Betashares' hypothetical balanced portfolio returned 1.8% in February, reflecting gains in growth assets more than offsetting a small decline in defensive asset returns.
Defensive asset returns were down 0.4%, reflecting weaker fixed-rate bond returns. In turn this reflected a rise in local and global bond yields as resilient economic data and an upside surprise to US inflation caused markets to push out the timing of expected central bank rate cuts.
Growth assets returned 4.0%, with global equities in unhedged AUD terms rising 5.9%. Global equities have been trending upward since late 2022, but the PE ratio and equity risk premium appear a little stretched by recent historic standards.
Despite higher bond yields, local listed property returned a solid 4.8%, while Australian equities returned a more modest 0.8%. The trend in the relative performance of Australian equities has remained downward since early 2023. Relative returns for Australian versus global bonds has been choppy over the past year.


The core US CPI rose 0.4% in January, a touch higher than the 0.3% market expectation.

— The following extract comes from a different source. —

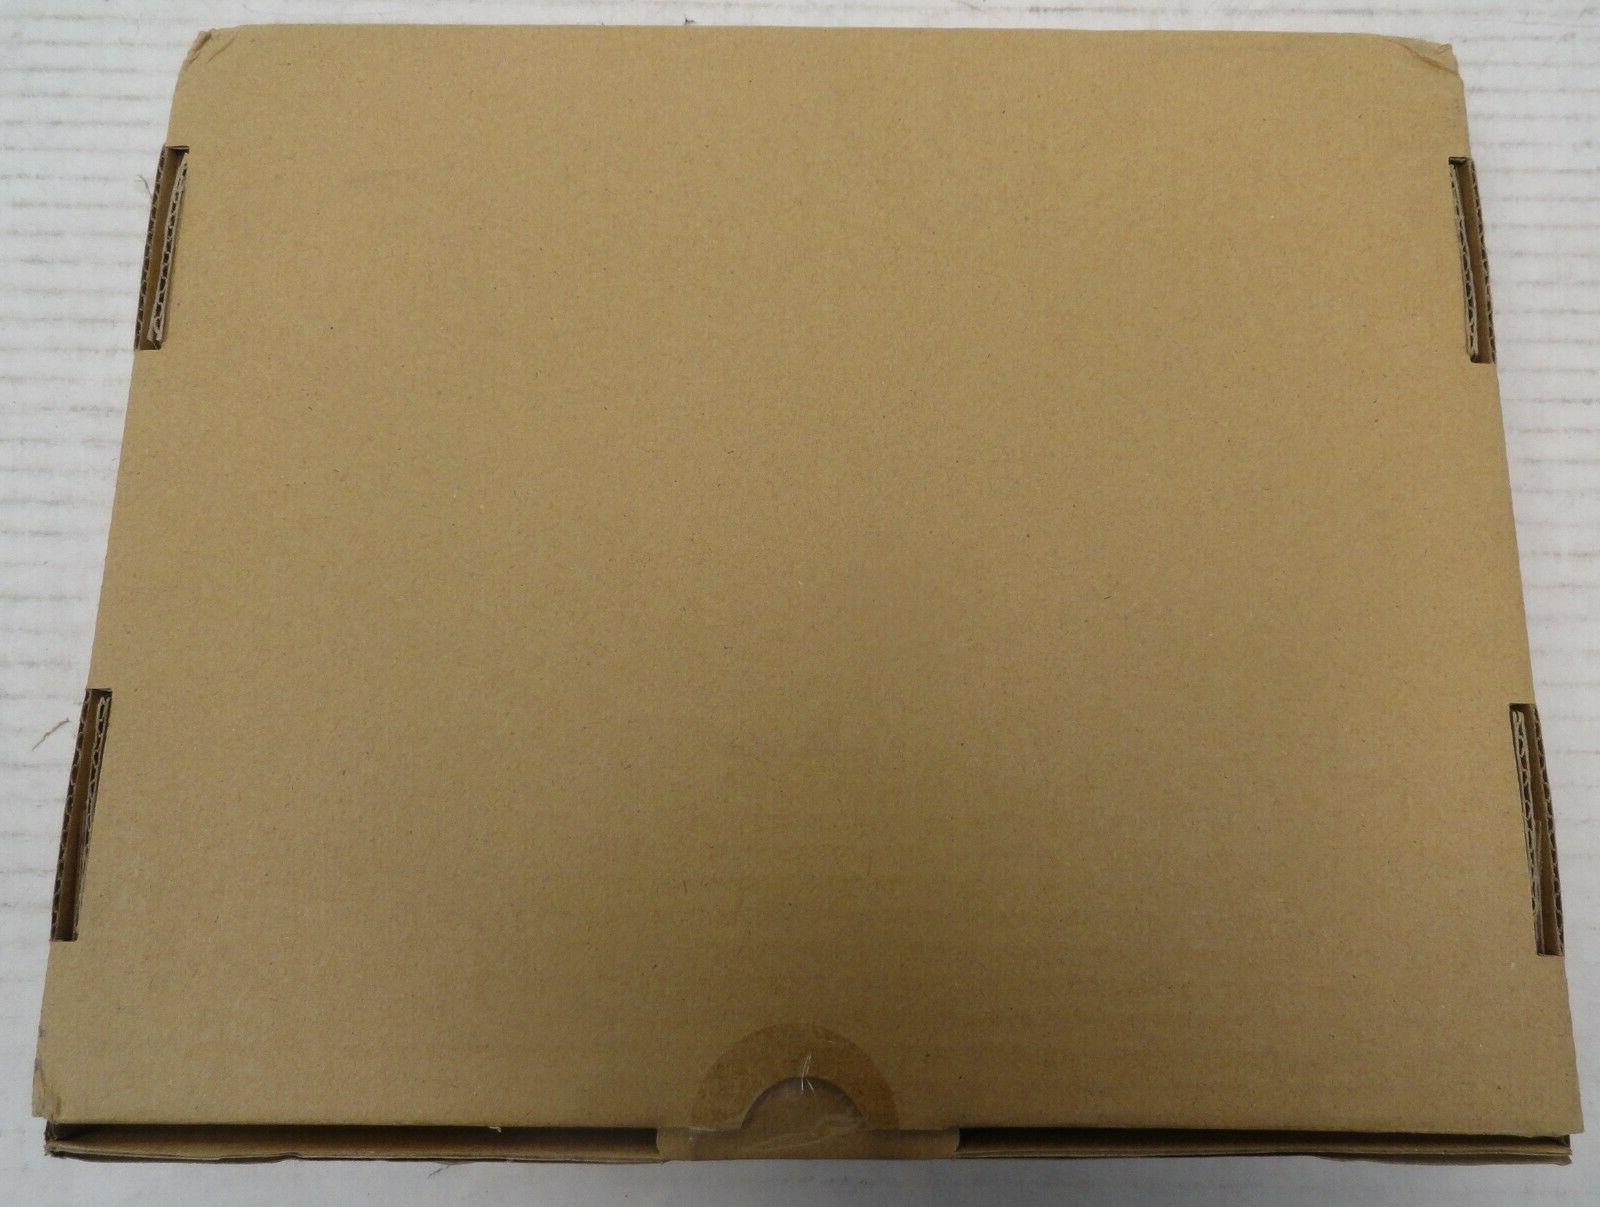 RCA FG, ANTDISH, DISH, DN010165

Together with a higher-than-expected producer price index (PPI) and still solid US activity data, markets effectively halved the number of expected 0.25% US rate cuts this year from six to three. US 10-year bond yields rose 0.34% to 4.25%.
Outside of the US, German 10-year yields also moved higher while Japanese yields were steady. High yield bond spreads narrowed after an uptick in January. All up, the yield-to-maturity on the Bloomberg Global Aggregate Index lifted 0.22% to 3.8%.


The gain in bond yields reflected both higher global rates plus a push back in the timing of local official rate cuts. The market is pricing just under two rate cuts over the next 12-months, from almost three rate cuts expected at end-January.
Bond have outperformed cash since the peak in bond yields in October last year, though there has been a modest setback in this trend in the past two months.
Corporate credit spreads, meanwhile, continue to narrow, which is supportive of corporate bond outperformance over government bonds.


In unhedged $A terms, global equities returned a stronger 5.9%, thanks to strength in global currencies versus the $A. On an unhedged basis, global equities have returned 27.5% over the past year.
Easing fears of a global recession remains the major global market theme, with the US Federal Reserve signalling the next move in rates is likely down. The only near-term debate is how quickly the Fed will cut, with markets potentially at risk in the short term if the Fed delays until later this year or even early 2025.
That said, at 17.5x and 1.5% respectively, the PE ratio and equity risk premium appear a little stretched by recent historic standards, suggesting further equity gains may require a decent further decline in bond yields or a lift in forward earnings.


Resources and energy exposures continue to underperform, along with health care. Financials (BNKS) are broadly tracking global performance.


Broad trends over recent months continue to favour Japan, while Europe is tracking sideways in terms of relative global performance. Australia and the UK continue to generally underperform.


After enduring a choppy sideways range over the past two years (with a recovery in PE valuations offset by declining forward earnings) the market has recently broken though this range to new highs. As with global markets, PE valuations are getting a little stretched and the equity-risk premium is low. Sustained further gains seem to require a decent decline in bond yields (without a recession!) or a further gain in forward earnings.
With a local and global economic soft landing now appearing more achievable, the outlook for earnings is encouraging – albeit expected growth over the coming year appears somewhat more subdued than for the global market overall.


By contrast, resources stocks fell in February while quality (AQLT) and financials (QFN) posted solid gains of 3.5% each.
Over the past six to 12 months, three of the selected Australian equity theme indices - financials, technology and quality - have tended to outperform the broader market. After a very strong 2022, the relative performance of the resources sector has since pulled back.